More About the Structure

If you are completely new to structures like I really was when I started this two day project then here is a brief rundown of how it works. When you create an instance of a structure like I did every time I created a 'square'. The variables defined in the structure itself are created as part of the instance like properties. They can be read and written but are crucially part of the instance, like text to a textbox. In this way, you can create a totally new and extremely useful/versatile object such as the Sudoku square. The beauty of having a list of these custom structures is the ability to access individual items and extract individual values. For instance:

VB.NET
Dim Test as Integer =  SudoGen.Sudoku.Items(0).value

The best way to learn more about them is either by reading or playing around with them a bit, until you get the hang of it. I recommend the latter, nothing beats experience.

Benefit of the List

The most beneficial part about using list (of integer) is the way it automatically adjusts itself when an item is removed. When you take an item out, like a listbox, the next item takes on its index which means when using GetRan, it's not a hit and miss affair, there's always a number available in every item.

Using the Code

For ease of use, the code discussed is compiled in a module called SudoGen. Easy to access, easy to use and easy to incorporate into countless projects.

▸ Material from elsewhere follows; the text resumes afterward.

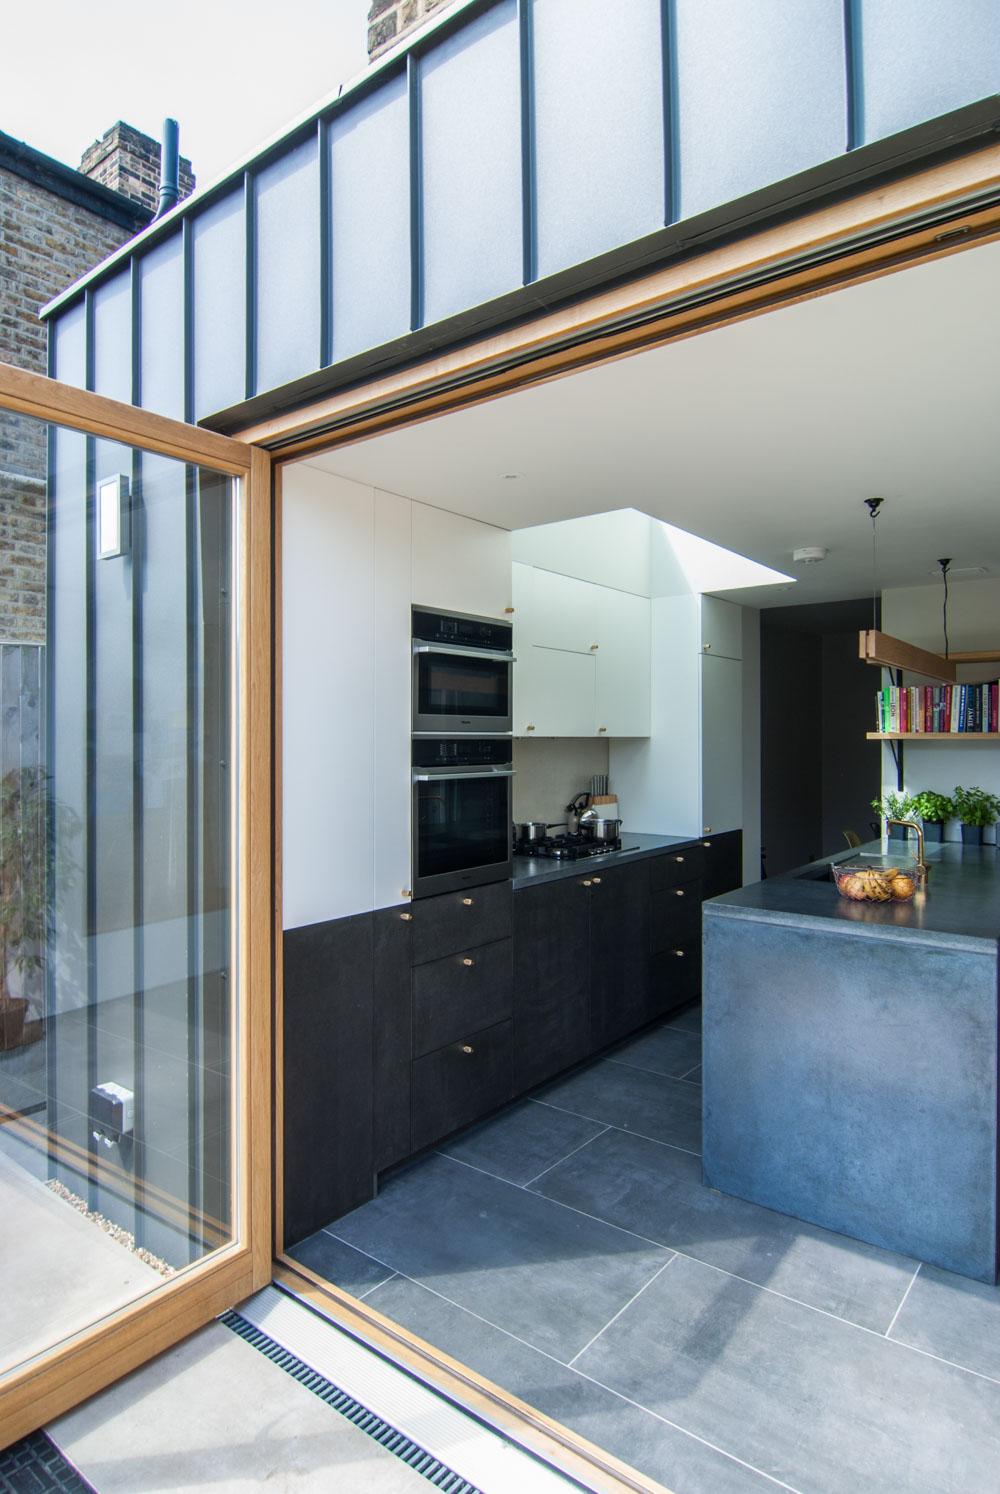 standing seam zinc cladding black concreto strata tile mortise concrete worktop MDF Bespoke oak bi-fold door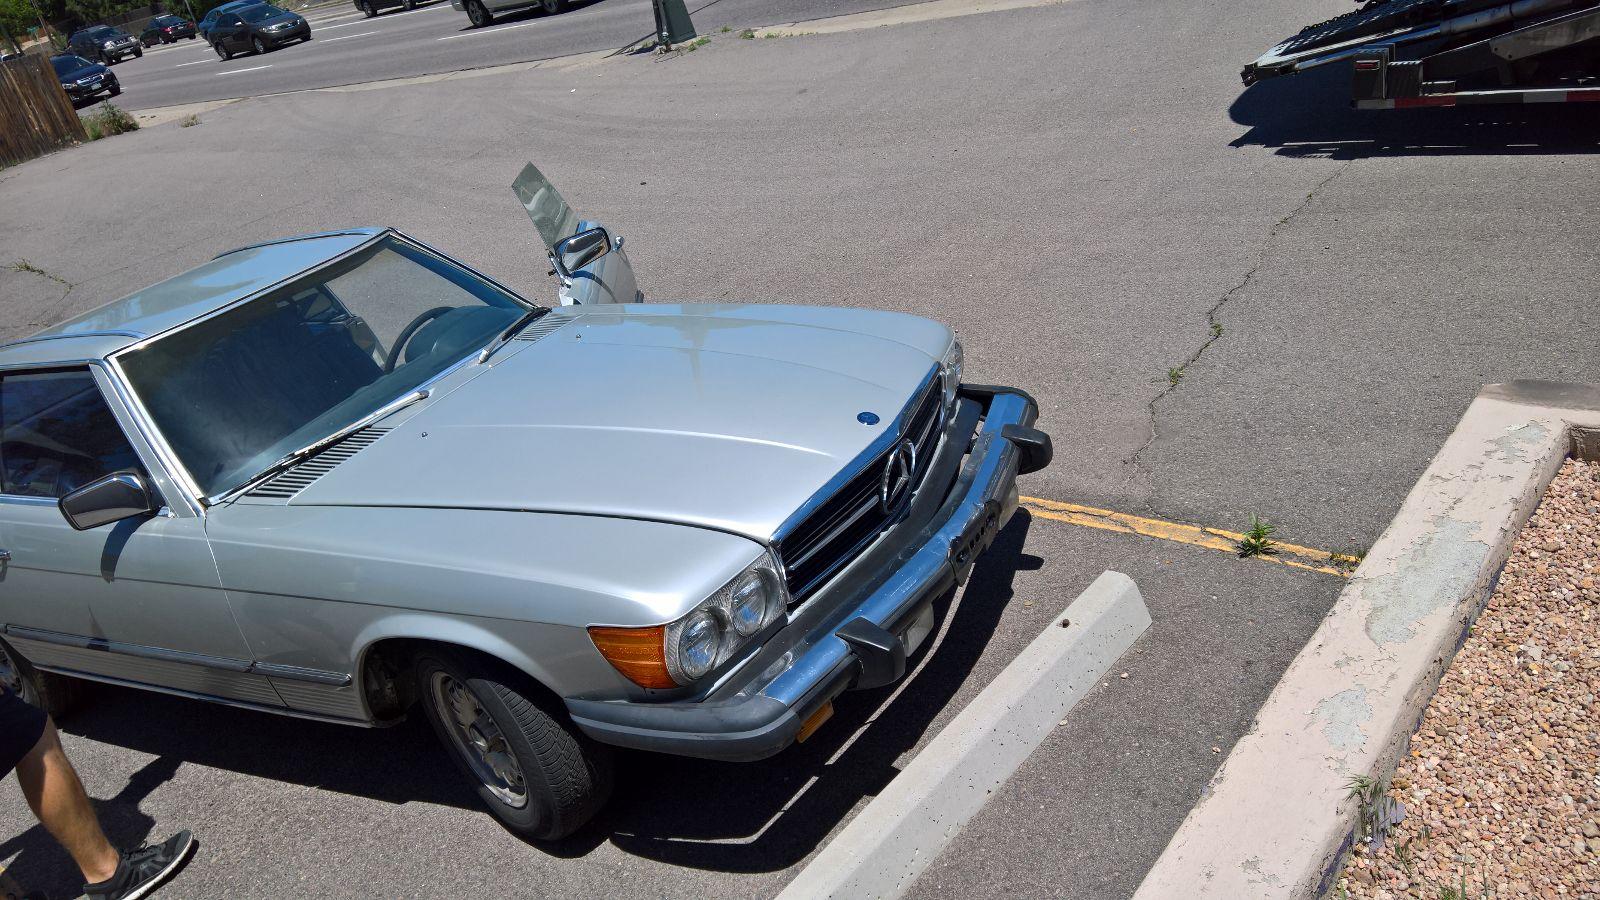 1977 mercedes benz 450 sl city center auto for Mercedes benz 450 sl

To generate a Sudoku, it's as easy as:

VB.NET
SudoGen.GenerateGrid

Then it's simple to access the output once the Sudoku has generated. These remain until a new grid is created or the SudoGen.Clear function is called.

VB.NET
SudoGen.Sudoku 'A list(of square) : The output grid

Points of Interest

Removing the components form the module and using them within your main class may be more useful as it will allow you to do different things with the code. For example, you could keep track of the progress of the generator to display to the user.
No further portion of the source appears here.